First response time (FRT), or first reply time, is a measure of the number of minutes, hours, or days that elapse between when a customer submits a case and when customer service responds. It is sometimes measured in business hours, and sometimes in general hours. To see trends over time, you can calculate average first response time based on a sum of all first response times divided by the number of resolved tickets.

Note that first response time is different than average reply time, which measures how quickly customer service organizations respond to all messages, not just first-touch messages. 

Why Does First Response Time Matter to Customer Service?

First response time is important to customer service because attending to customer’s queries quickly is not just expected but absolutely mandatory today. The first response, in particular, is critical to establishing trust and a good rapport with the customer.

While different organizations cite varying average first response time numbers, here are a few commonly cited:

  • The average company takes 12 hours and 10 minutes to respond to an email (SuperOffice)
  • 62 percent of companies do not respond to customer service emails at all (SuperOffice)
  • Businesses should target an email response time standard of one hour, with 15 minutes representing world-class service (MyCustomer)
  • For social media conversations, the recommended benchmark is to respond within an hour (Groove)
  • For phone support, 3 minutes or less (Groove)

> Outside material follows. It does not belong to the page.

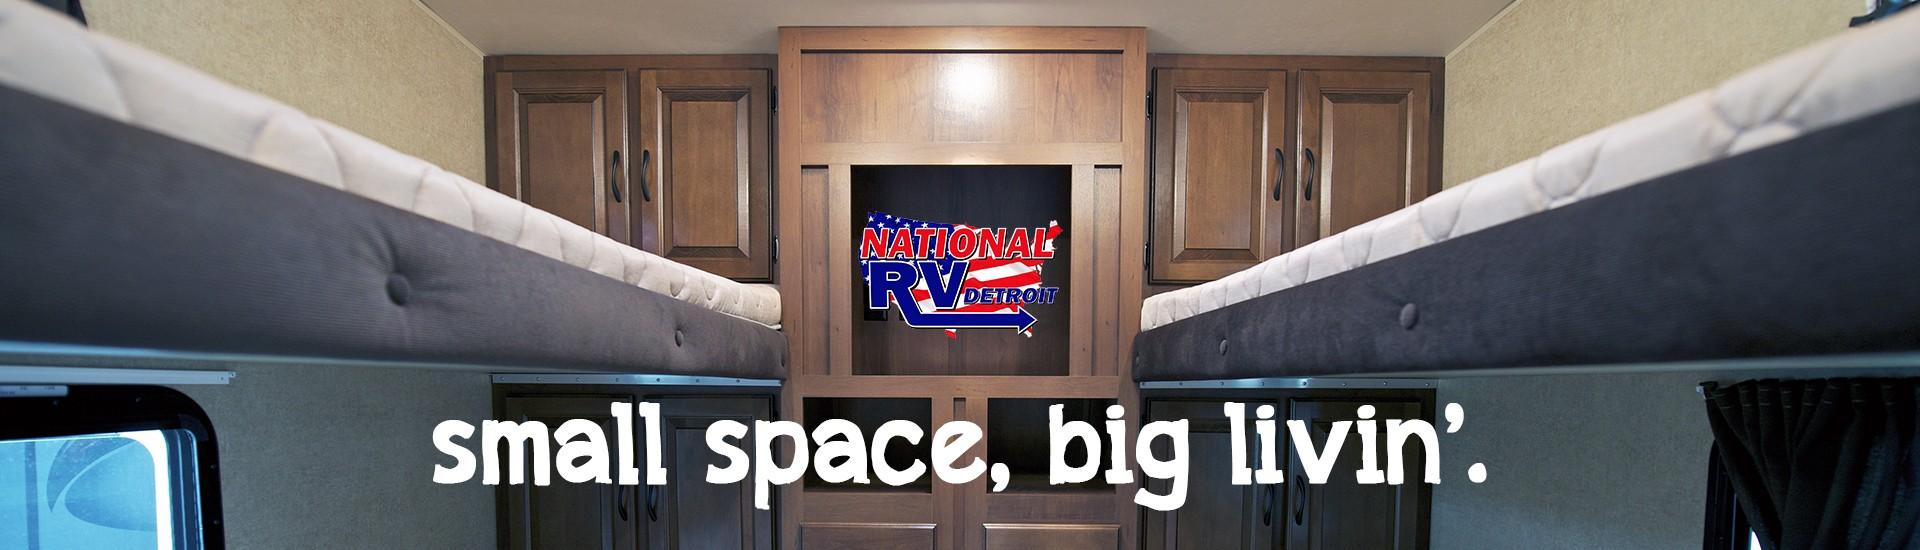 small space big livin

Of course, all of these numbers go out the window when you take chat and messaging channels into the equation. For these modes of communication, first response time must be immediate. This does not mean that a human agent must be on hand at all times to instantly respond to customer queries on any channel. That would be an unscalable, wildly expensive endeavor — which is where bots and artificial intelligence (AI) come in.

How Helpshift Supports First Response Time

Connected Customer Conversations from Helpshift allows your customers to contact you on their preferred channel and get an immediate response. For messaging and chat conversations in particular, the first response time will always be instant because automation is typically the customer’s first touch. From there, the customer may get their question answered immediately thanks to an QuickSearch Bot, or be seamlessly connected to a customer service agent, who will take the case over without losing momentum.

Asynchronous communication means the customer does not have to wait “on the line” for a response, once a human agent becomes involved, but can close the window or app and come back later — even on another channel — to follow up. It’s a more intuitive way of communicating with customers that combines a lightning-fast first response time with a practical cadence of conversation.